People in the study, whose ages ranged from 20 to 85, reported eating chocolate an average of twice a week and exercising an average of 3.6 times a week.

The Wall Street Journal had more to say:

The participants who ate chocolate more often didn’t consume fewer calories overall, or exercise more, than their non-chocoholic counterparts. In fact, the more frequent chocolate eaters consumed more total calories. (emphasis mine)

So rather than question our entire model of restriction, calorie counting, self-discipline and meal planning, the secret must be that there is some magical fat burning elixr in the chocolate and THAT is the key to the fact that people who indulge in moderation weigh less than other — even though the calories of the slimmer chocolate eaters are HIGHER than the non-chocolate eaters.

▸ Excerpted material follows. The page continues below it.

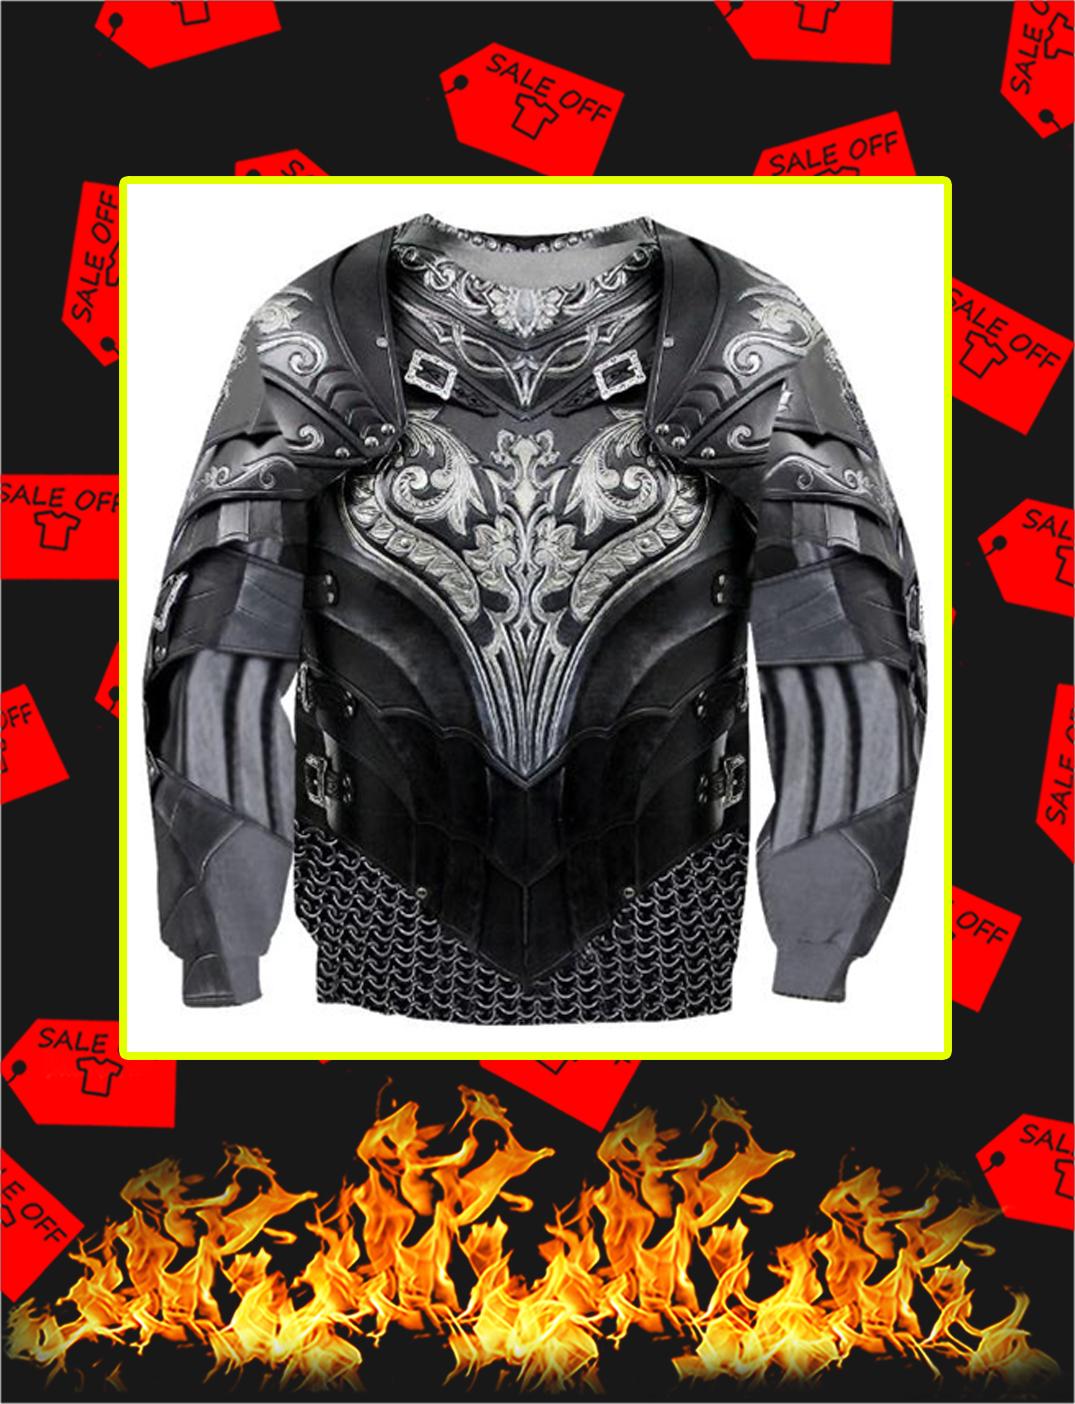 Chainmail Knight Armor 3D Printed Sweatshirt
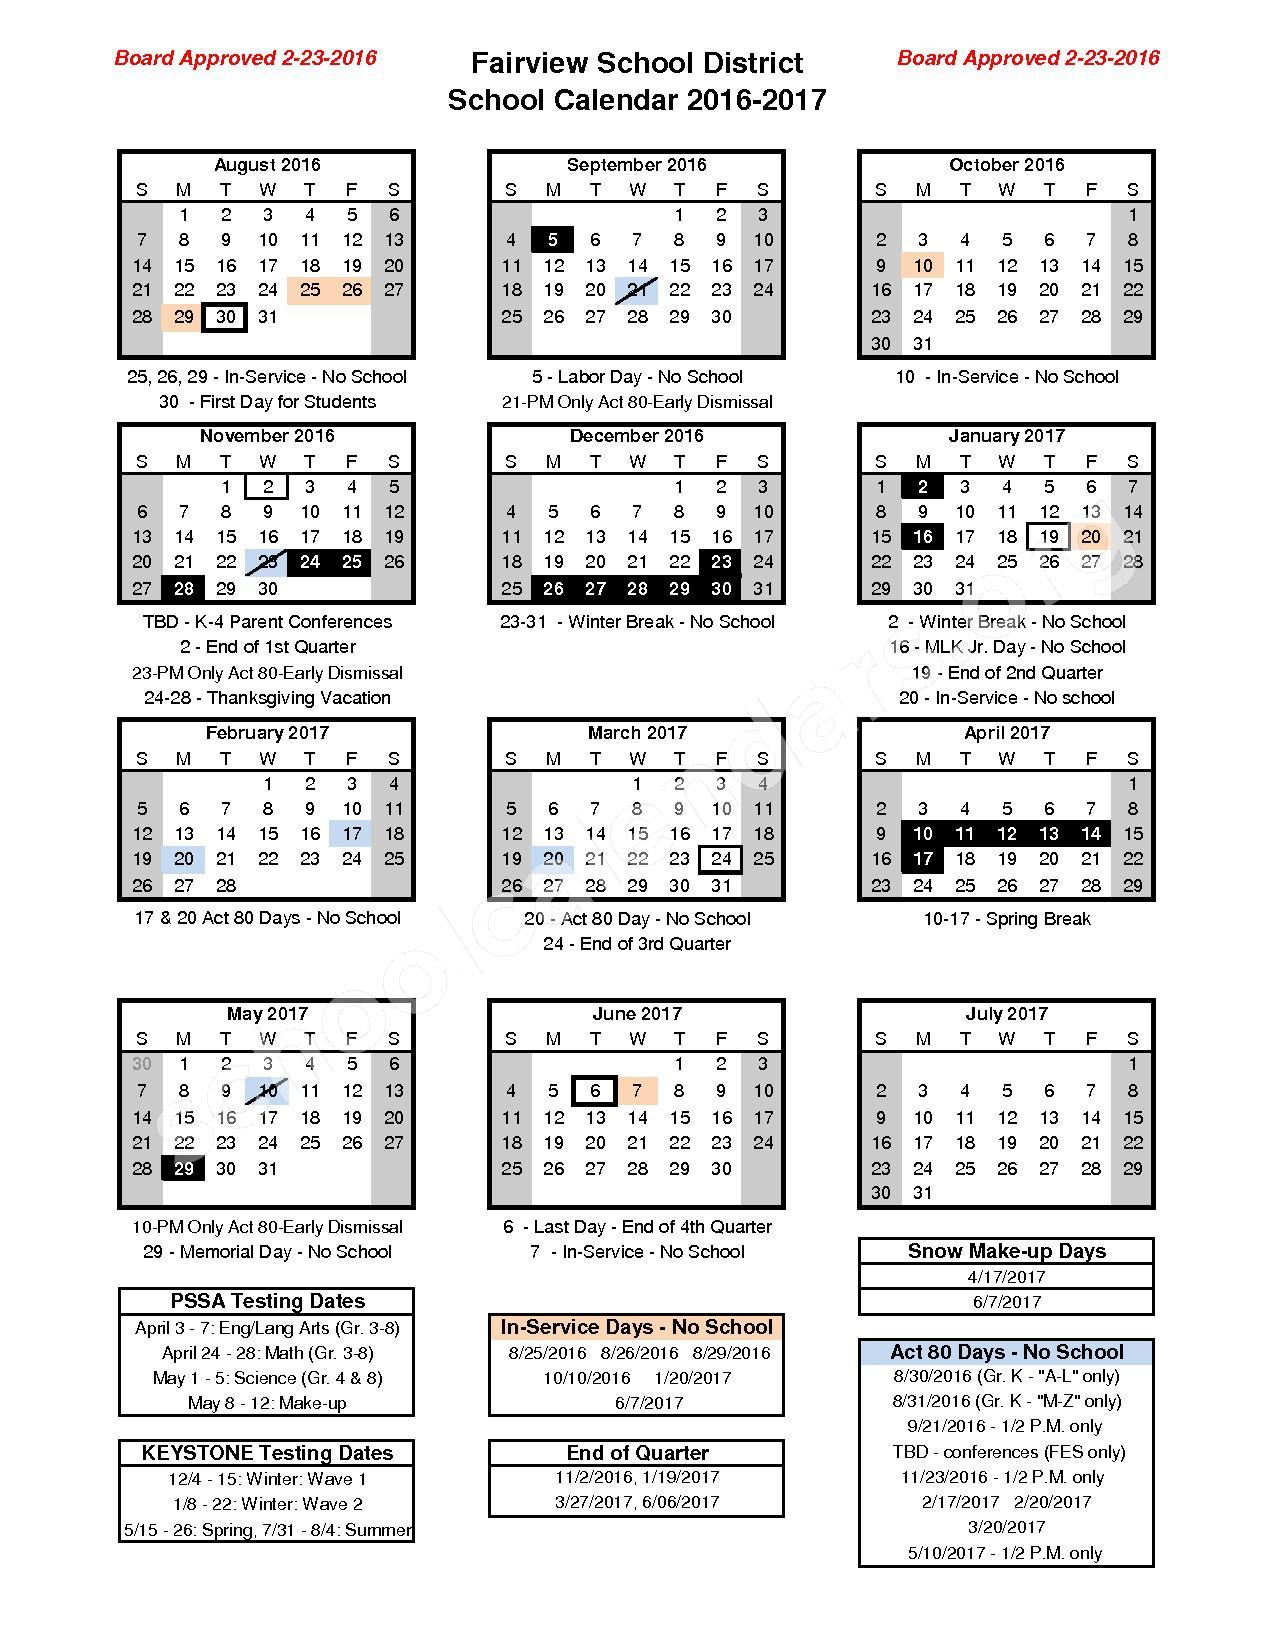 2016 - 2017 School Calendar – Fairview School District – page 1

First, we don’t know how long this study went on. The calories of the abstainers may have been lower during the study, but we don’t see whether there were binges before or after the study. We don’t know if people underestimated how much they ate (were they measuring every morsel and writing it all down? Or were they fed a controlled diet by the researchers?)

But here’s something that’s interesting: Now researchers are going to try to figure out in what doses we need to “take” chocolate so that we can unlock the magical mystical fat burning qualities of the treat. But the slim people who ate chocolate didn’t have such research available to them. No one told them 1 ounce 3 times a week will help burn fat but 2 ounces 5 times a week will put fat ON. They just… ate. Interesting, yes?